Craig Stockings is irked by the notion that Australia fights ‘other people’s wars’, especially as advanced by John Pilger who argues that ‘we fight mostly against people with whom we have no quarrel and who offer us no threat of invasion’ to ‘appease a great protector’.  Stockings argues that all Australia’s wars are a result of “rational and calculating choice” and not blind loyalty to the UK or US.  Such wars are a “premium on a military insurance policy” in which (it is gambled) the British navy or American marines would come to Australia’s aid in a time of threat (from “communist expansion”, for example).  War decisions are the preserve of “Australian politicians and policy-makers”, he correctly notes, but Stockings identifies the interests of this elite with the interests of the Australian population, a mistake not made by Pilger who admits an international, anti-war, class solidarity that is alien to the khaki academic.

Michael McKinley mounts a robust, but rare for this book, critique of the politically privileged  Australia-US alliance which has often (for 40 of the last 66 years) taken an unwilling Australian population to the wars of our “bad alliance partner” – Washington is “war-prone” and its military record is one of battlefield disaster and criminal conduct.
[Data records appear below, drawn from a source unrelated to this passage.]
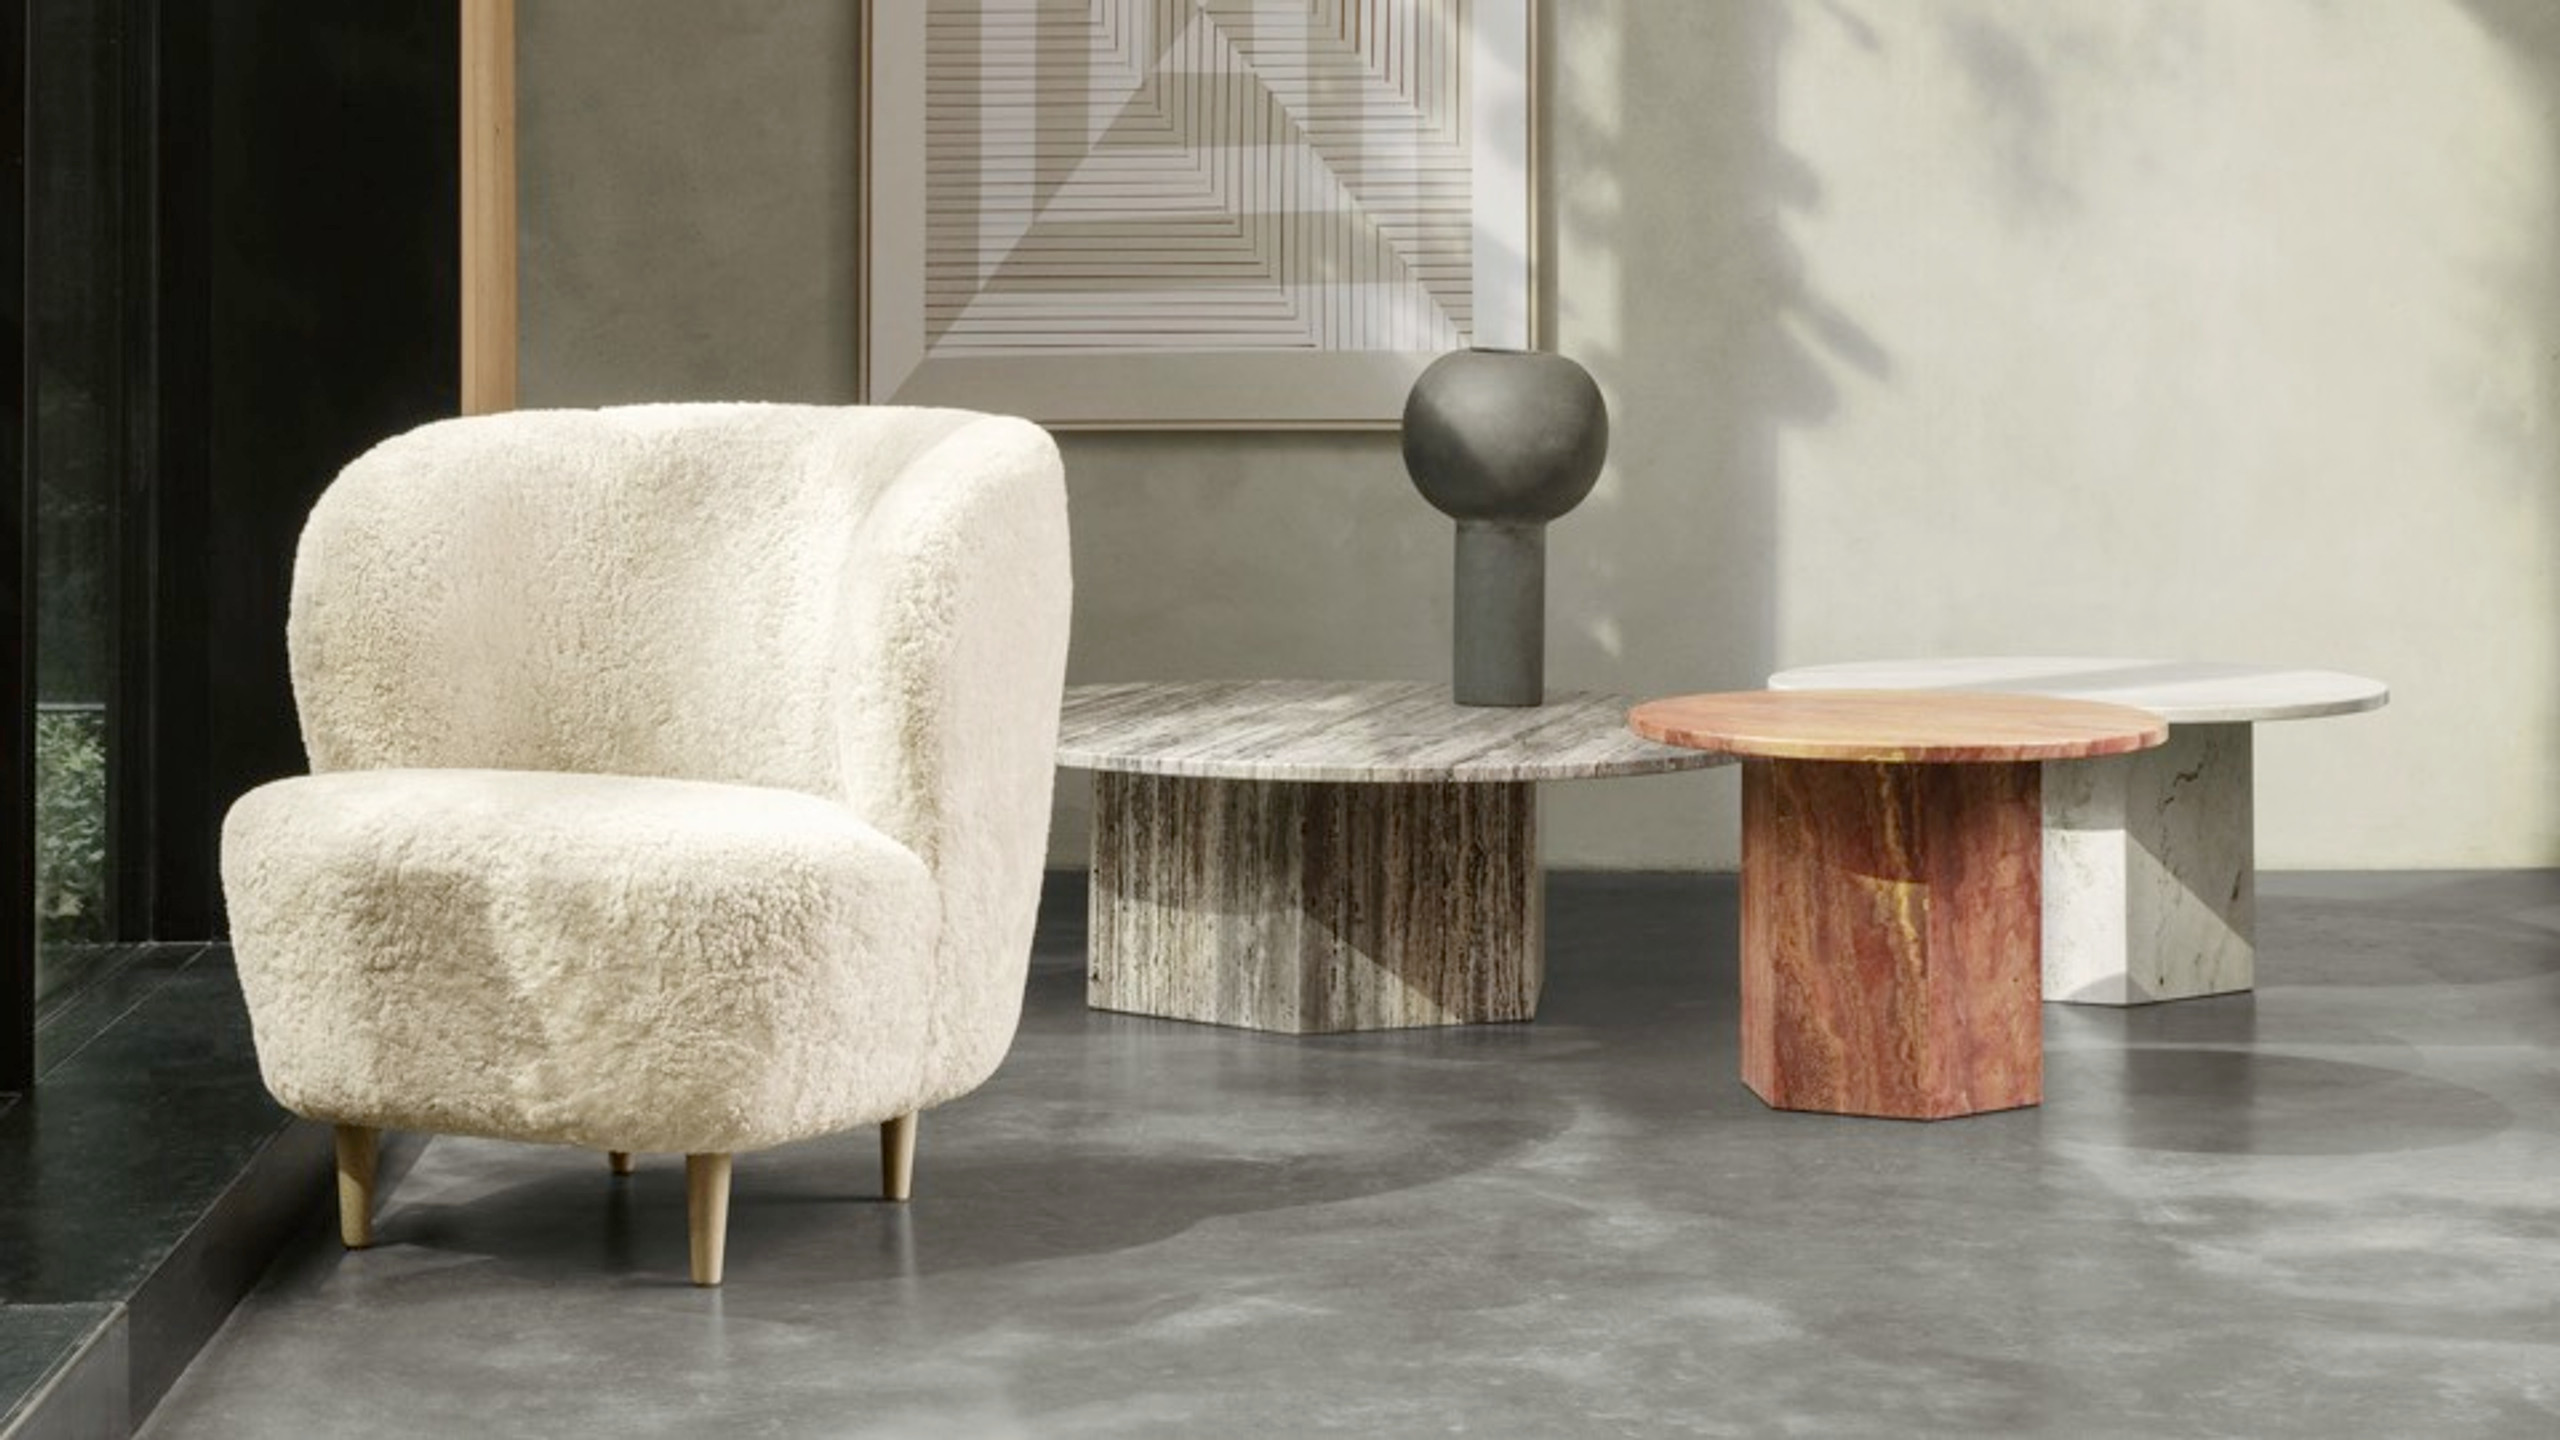 The Wonders of Wool: 15% Off Gubi’s New Stay Sheepskin Collection
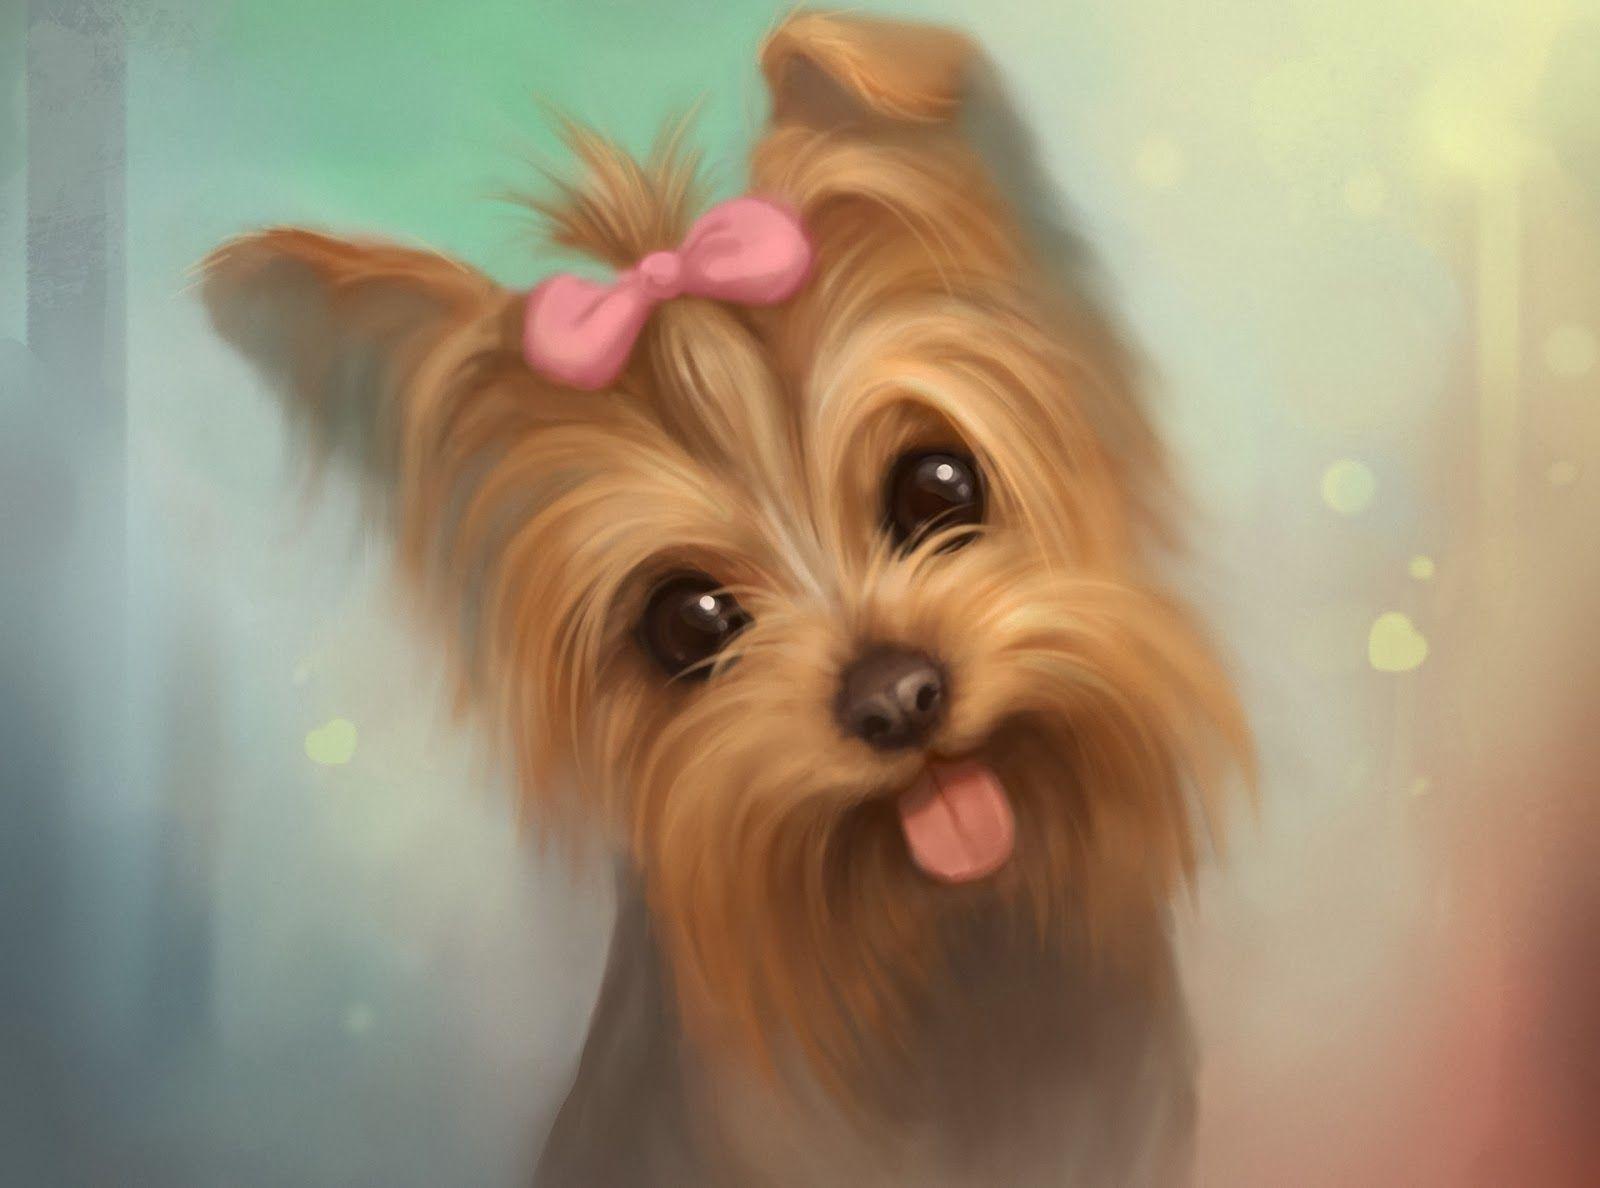 Cute puppy wallpaper for desktop. Yorkie painting, Yorkie dogs
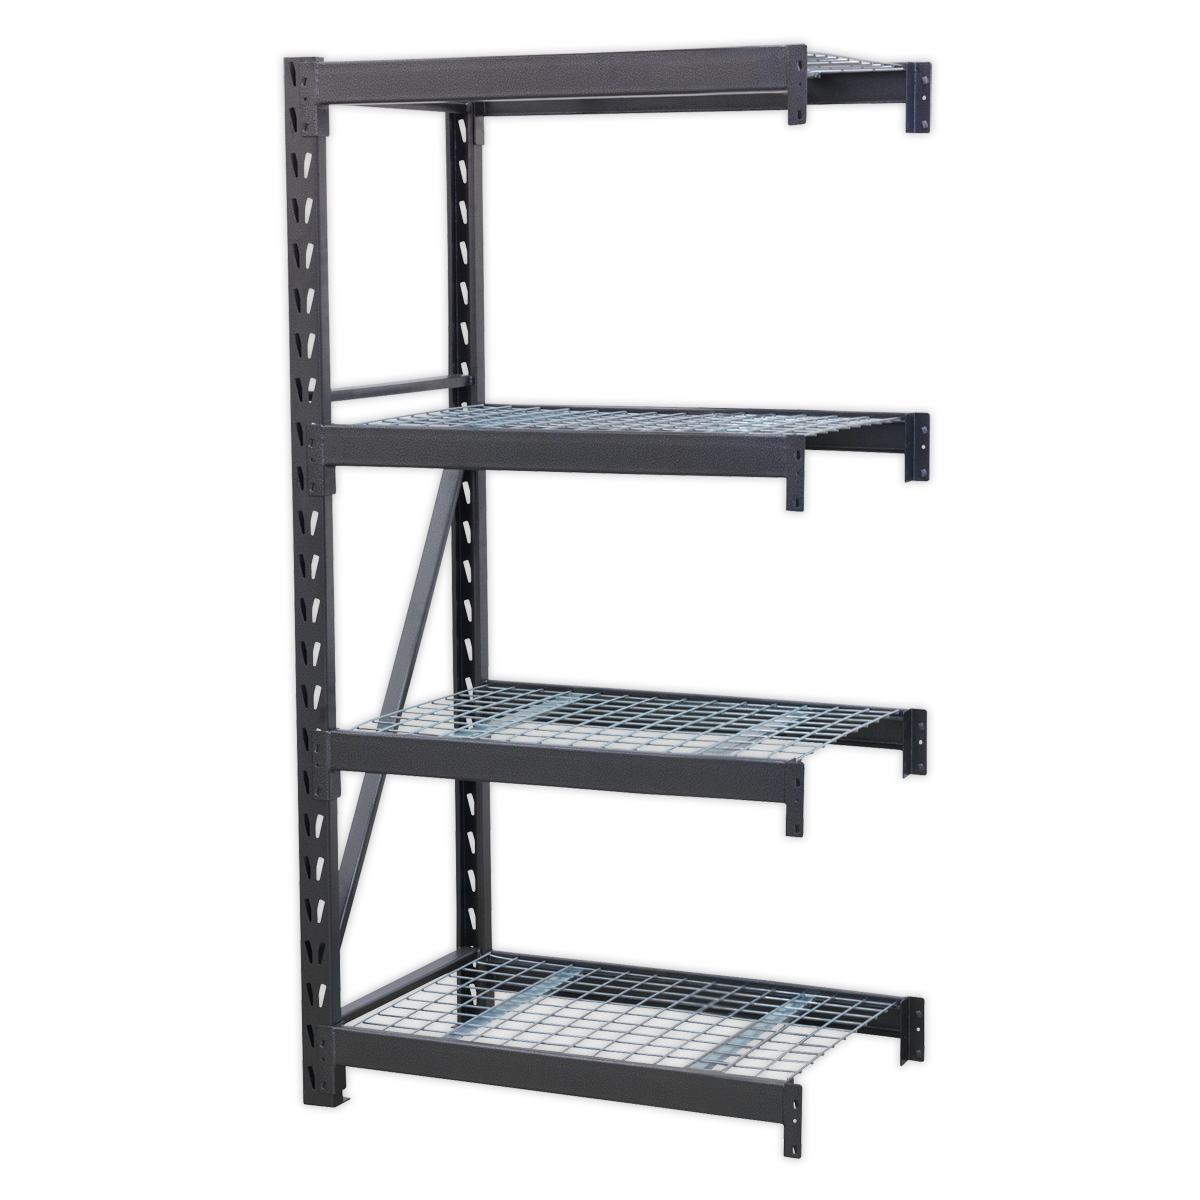 Sealey Heavy-Duty Racking Extension Pack with 4 Mesh Shelves 640kg Capacity Per Level AP6372E
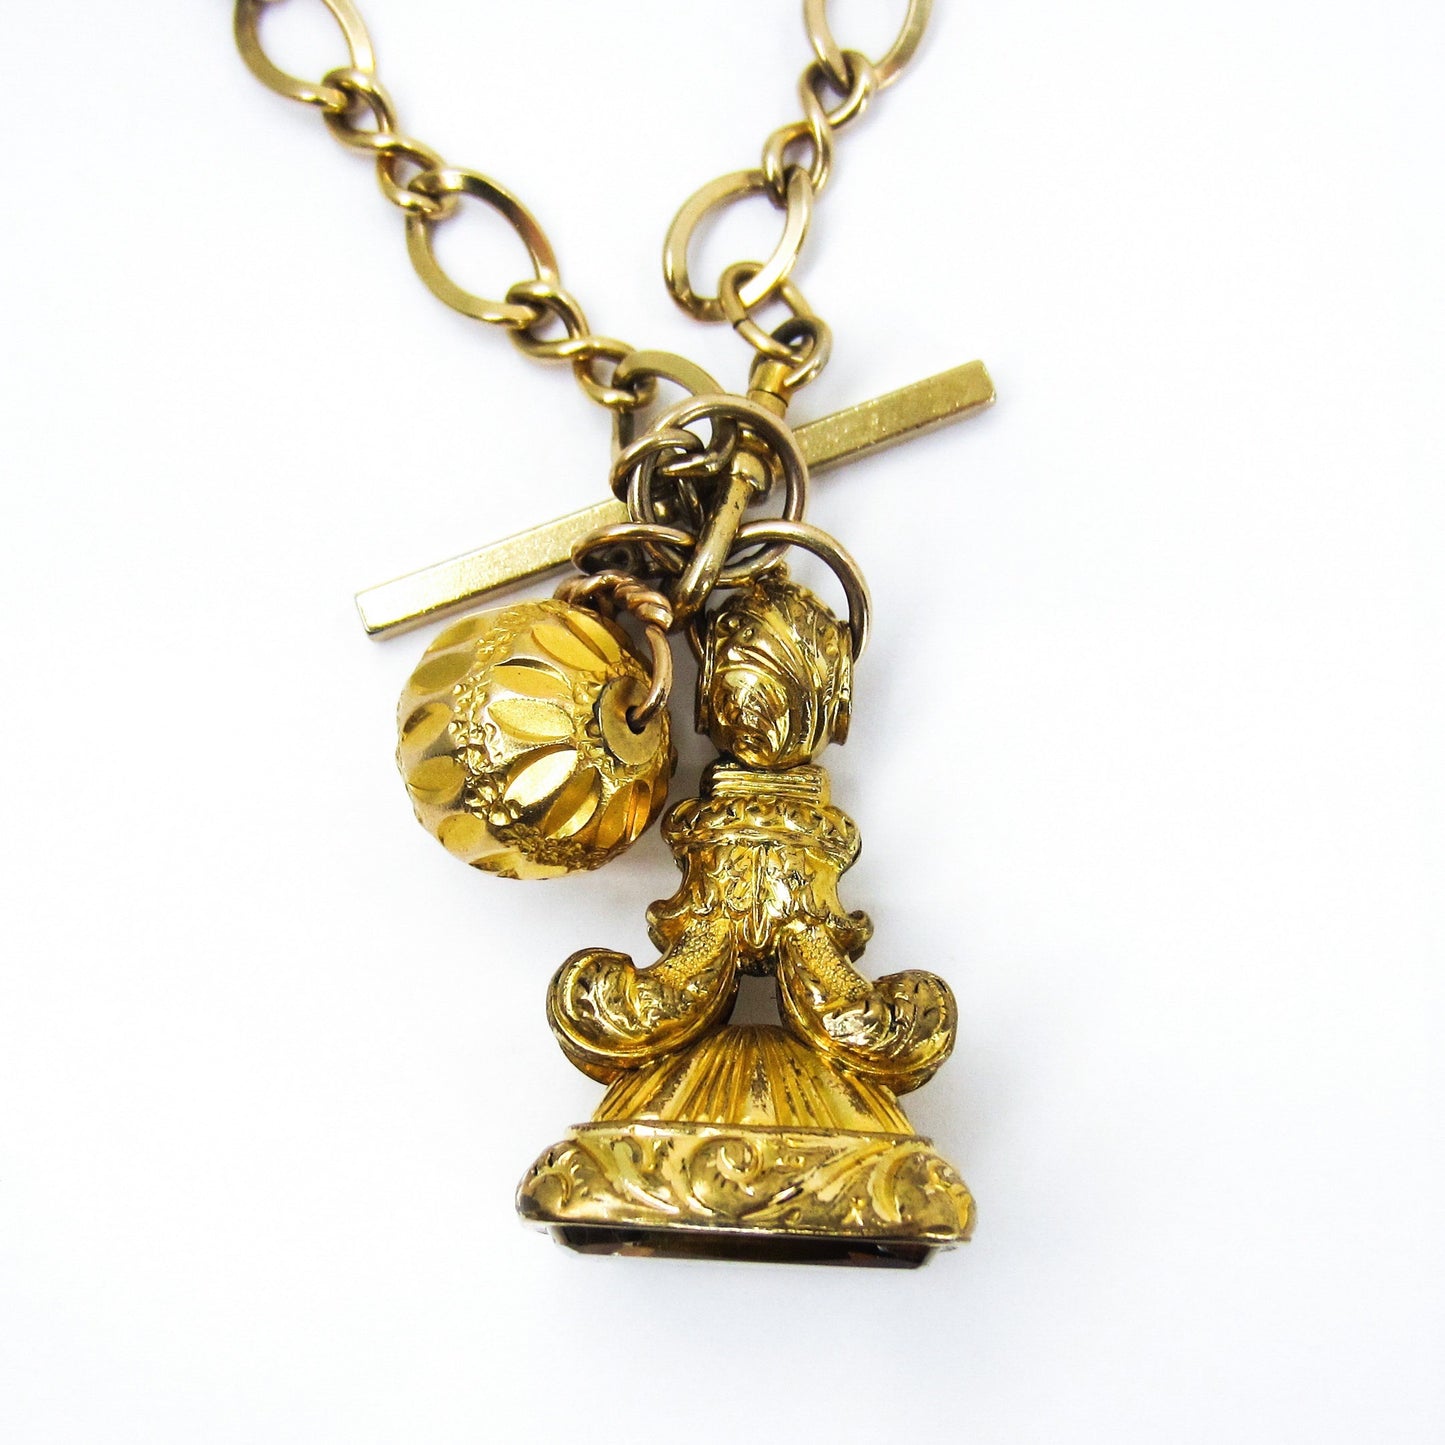 Victorian Citrine Fob Charm Necklace Gold-filled c. 1890

Dale Blair questions the veneration of the ‘Aussie digger’ for a mythical “ethical exceptionalism” that portrays the Anzac soldier as always fighting fair.  Blair finds, to the contrary, a record littered with Australian war crimes and atrocities (originating from, or tacitly condoned by, senior command), for example killing prisoners and strafing survivors in lifeboats.  Blair, however, limits the unethical conduct to a minority, absolving the broader military which is praised for its ‘professionalism’.

Bob Hall and Andrew Ross examine a war of unfettered savagery (Vietnam) but find no bad behaviour.  Their myth-busting is confined to military tactics, showing that the small firefight, not the set-piece battle, was the norm for the Australian military.  They do show, however, that the largest landmark battle, the battle of Long Tan, is misrepresented as a heroic fight by outnumbered  Australian soldiers when, in fact, the Australians had massive artillery and air support.  Technological firepower won these military victories but the Vietnamese, they note, won the domestic and international political victories.  Even with this insight, however, the authors recycle another potent Vietnam War myth – that the “enemy insurgents” were separate from the people whom they ruled by force.

Peter Stanley usefully gets to grips with the myth of the centrality of war to Australian history, a fable which bestows a “positive view” on all Australia’s wars whilst extolling national pride.  This is the real aim of Anzac Day, he astutely argues, rather than the purported expression of any anti-war mourning, or regret.  Stanley is, however, in a minority of his peers who emphasise that they are not “undermining the foundations of Anzac just for the sake of appearing subversive”. 

The book also leaves a number of military myths unexplored such as that of the ‘professionalism’ of the modern Australian military.  This professionalism apparently does not include the routine physical and sexual bullying and humiliation of powerless victims, a core component of military training culture which inculcates the cruelty essential for preparing soldiers to be proficient at brutalising, dehumanising and eventually killing the ‘enemy’ in aggressive, imperialist wars, the purpose of having a military for capitalist societies.

The military historians are miffed that they are widely seen to “serve as high priests at the temple of Anzac”, so, to rectify this, they take Anzac down a peg or two in the interests of a (limited) historical accuracy.  By leaving the edifice of militarism modified but intact, however, they wind up serving as slightly disreputable, gin-drinking vicars (if not high priests) ably assisting the worship of armed force at the shrine of patriotism as much as the flag-waving cheerleaders of war in parliament and boardroom. Welcome to the world of the moderate militarist.